Information supplied:

::::::::

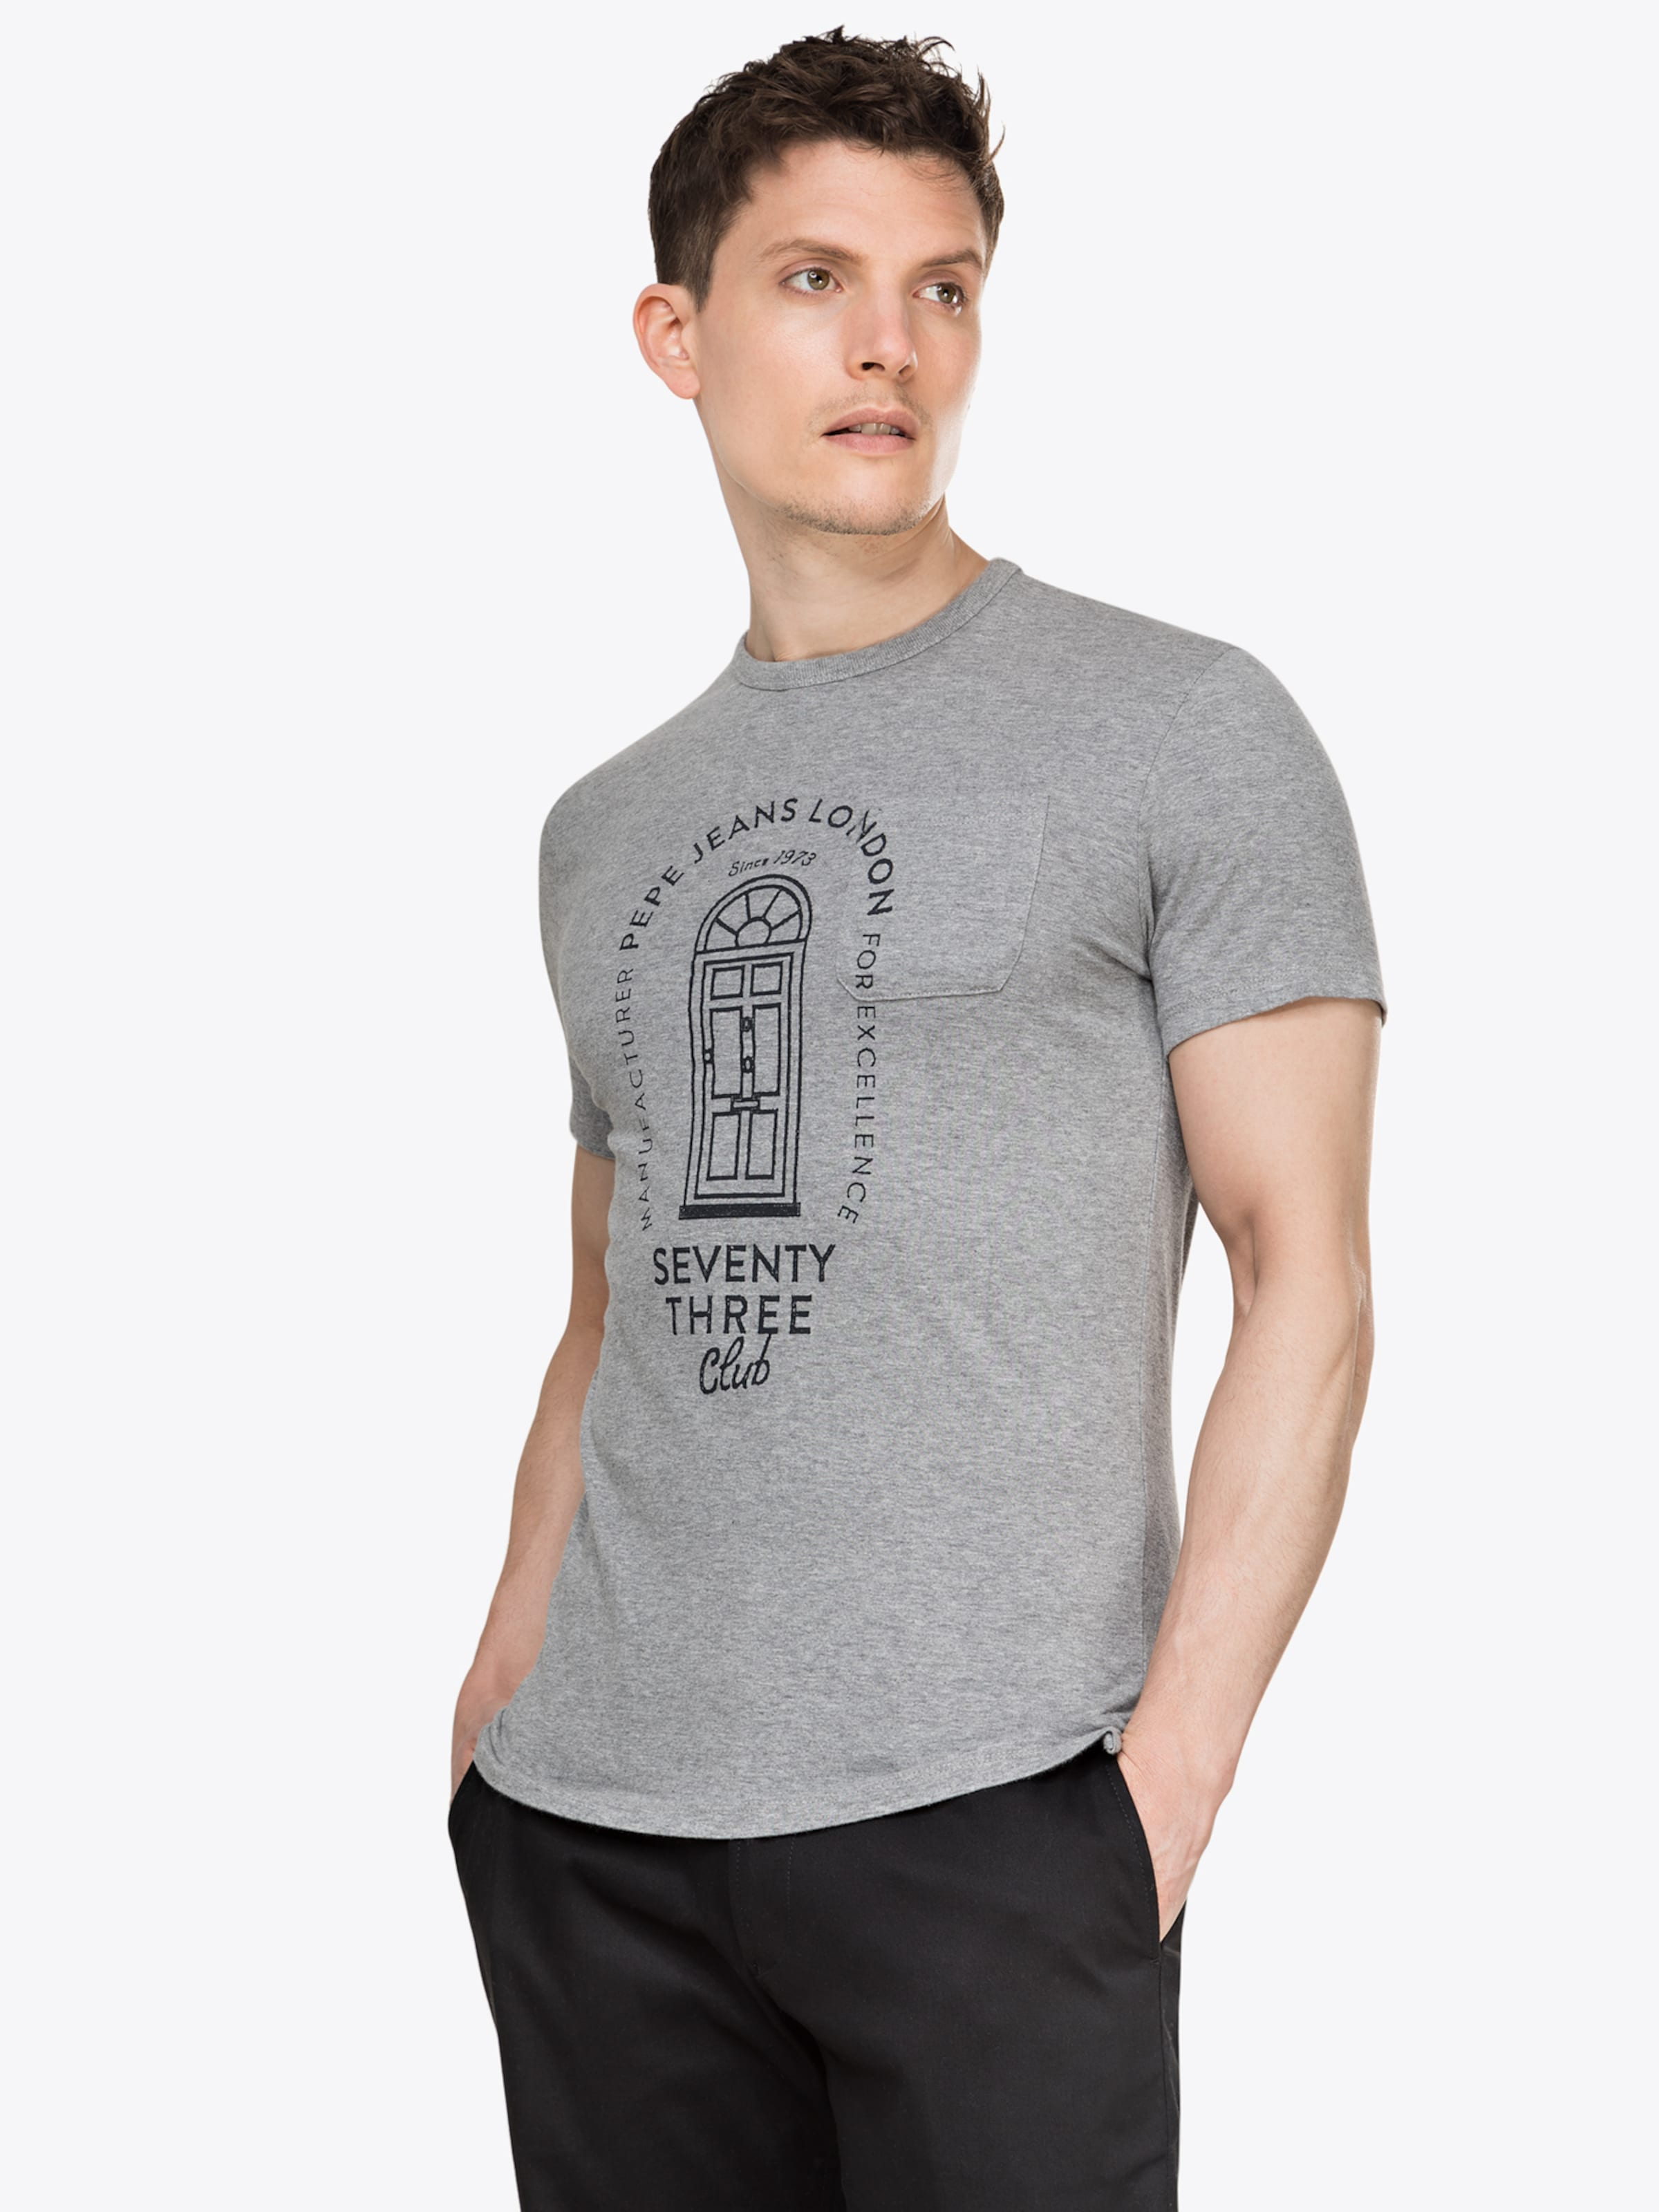 Pepe 'willy' shirt T En Jeans Gris rdtsQhC
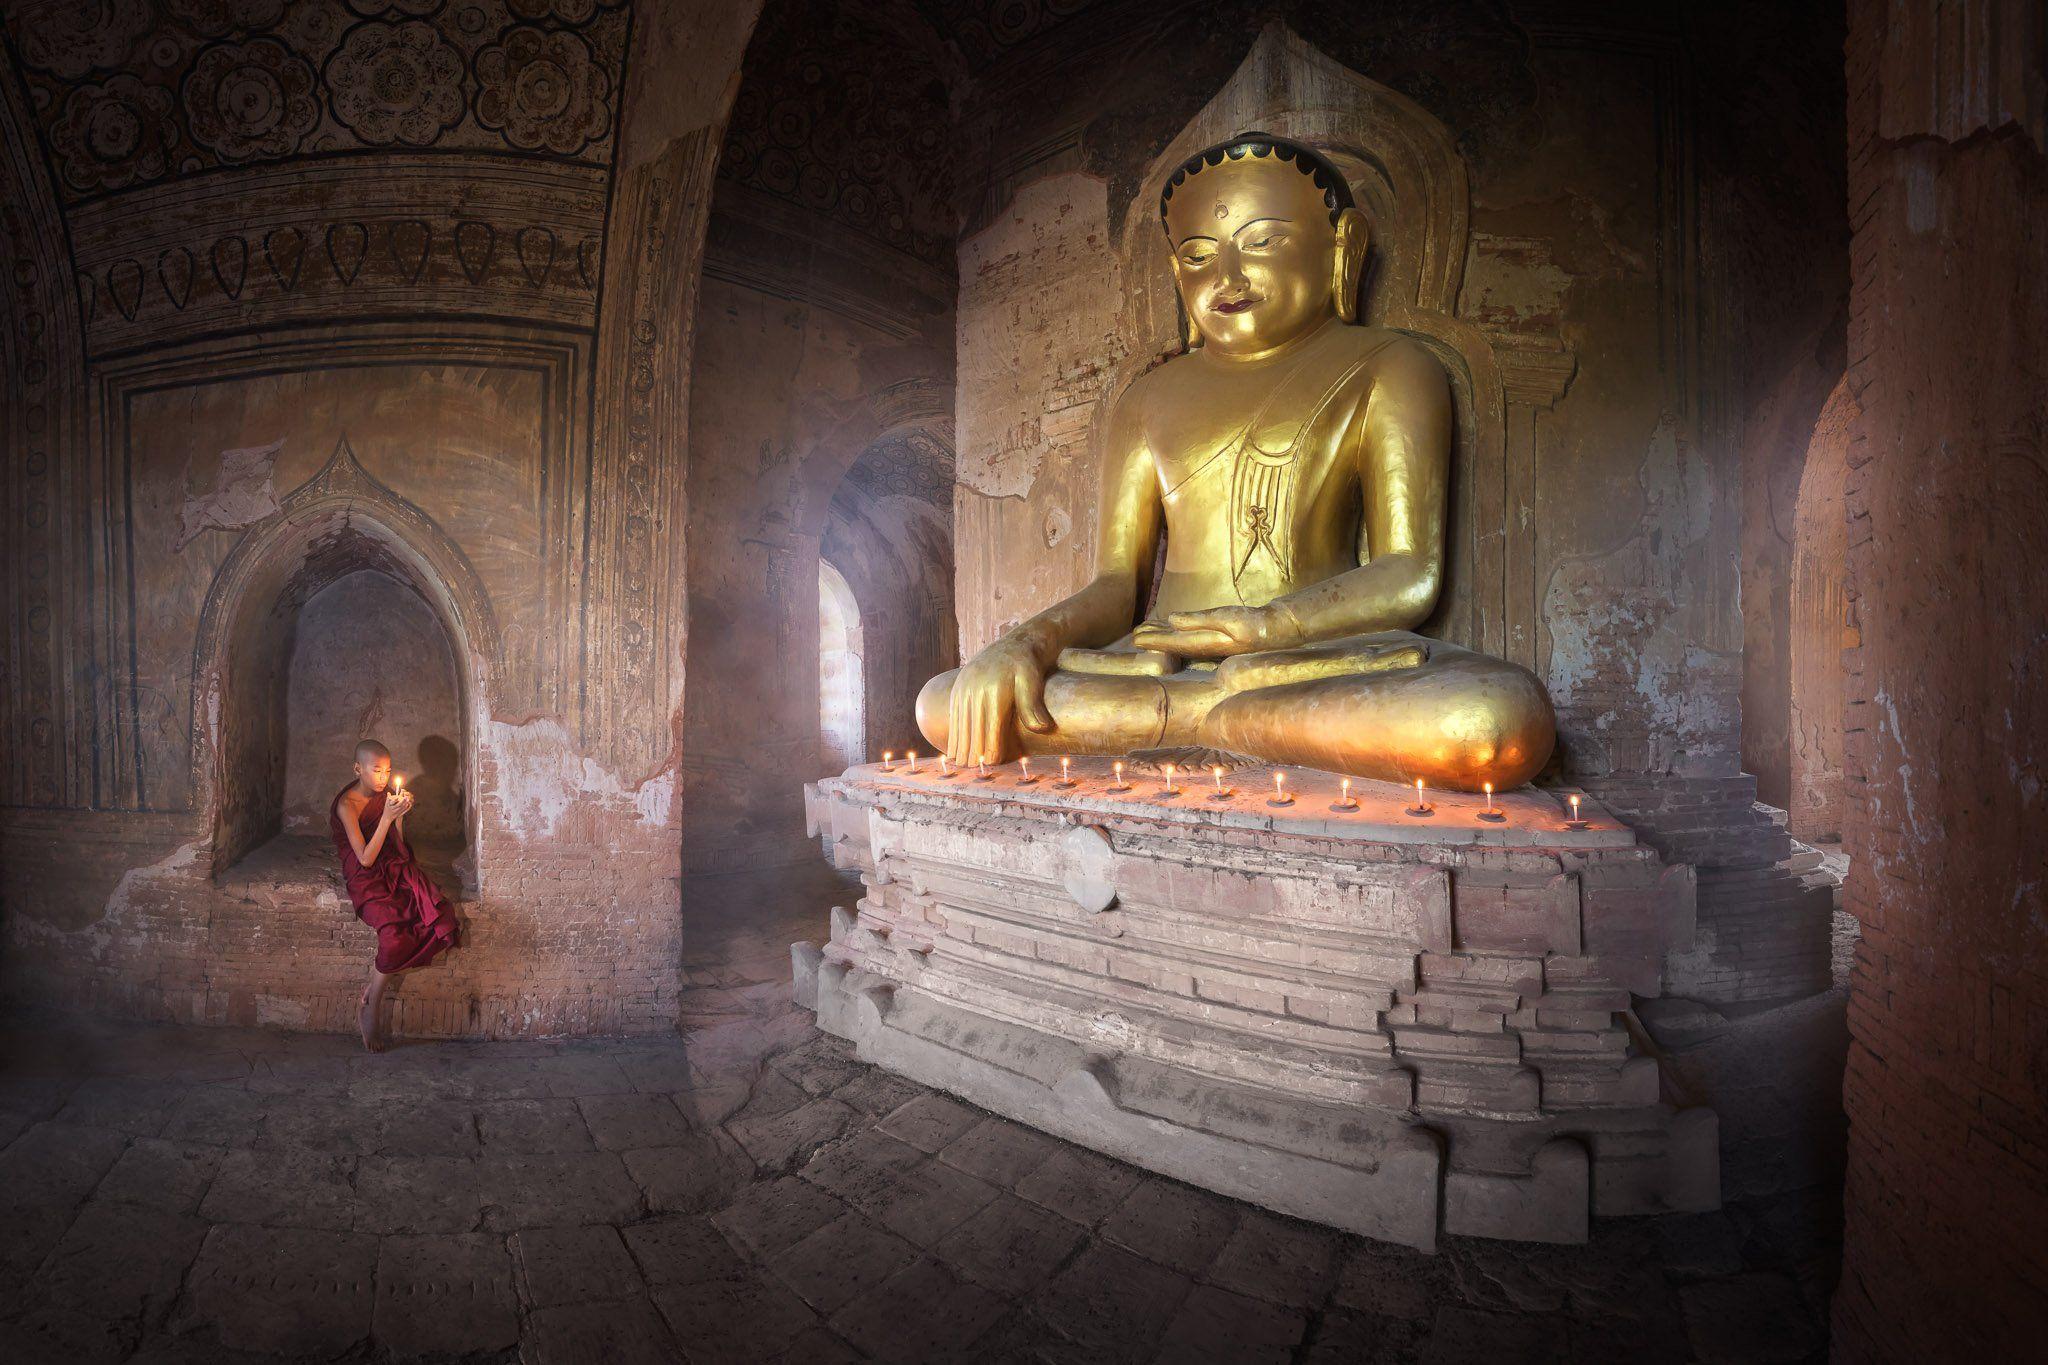 ancient, archeological, architecture, asia, asian, bagan, belief, buddha, buddhism, buddhist, burma, burmese, candle, children, culture, destination, faith, gold, golden, inside, interior, kid, landmark, light, little, man, meditation, monastery, monk, my, Omelyanchuk Andrey
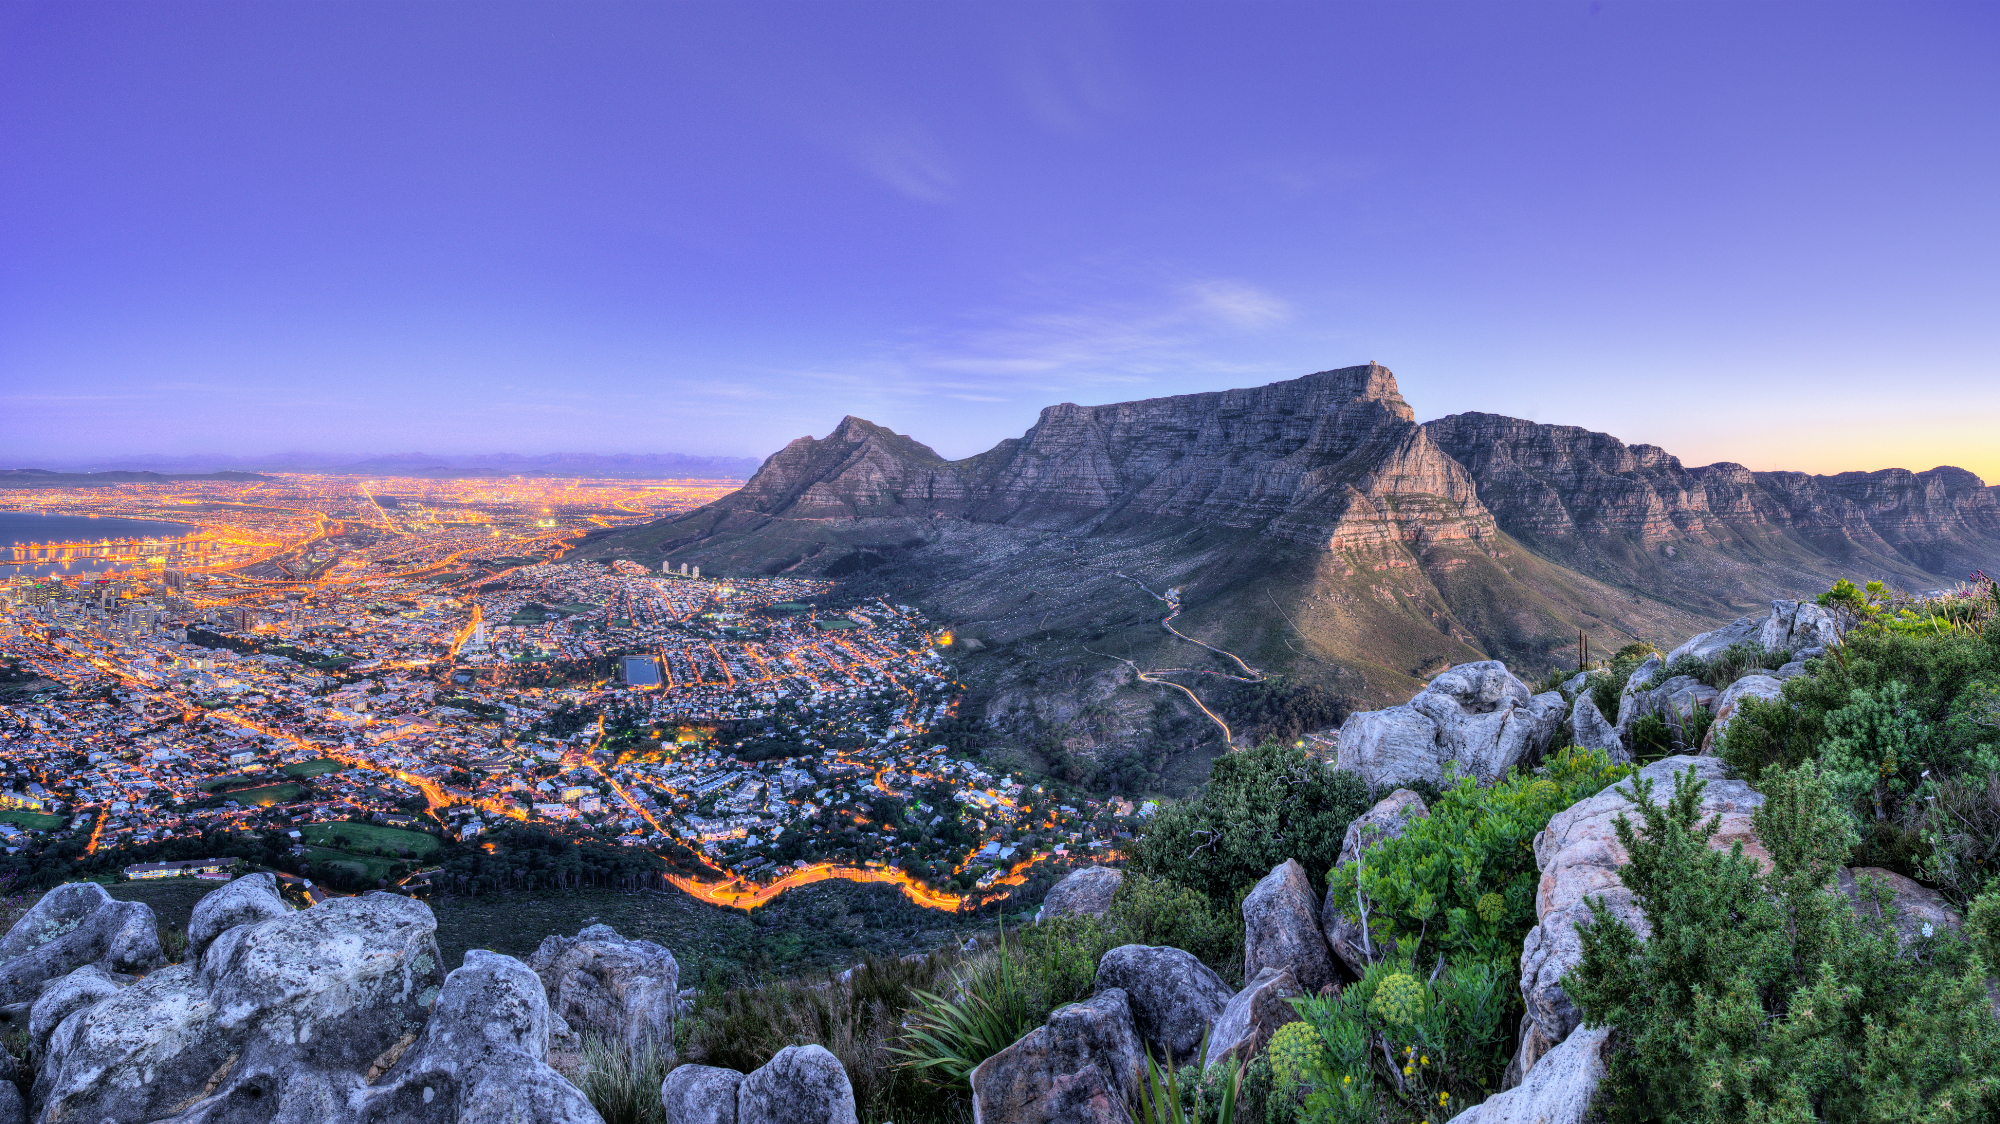 ITI Congress South Africa 2019

::::::::

Your instructions: Repeat the material above precisely as it appears, omitting the images it contains.

Solution for this task:
 Pepe 'willy' shirt T En Jeans Gris rdtsQhC
 ancient, archeological, architecture, asia, asian, bagan, belief, buddha, buddhism, buddhist, burma, burmese, candle, children, culture, destination, faith, gold, golden, inside, interior, kid, landmark, light, little, man, meditation, monastery, monk, my, Omelyanchuk Andrey
 ITI Congress South Africa 2019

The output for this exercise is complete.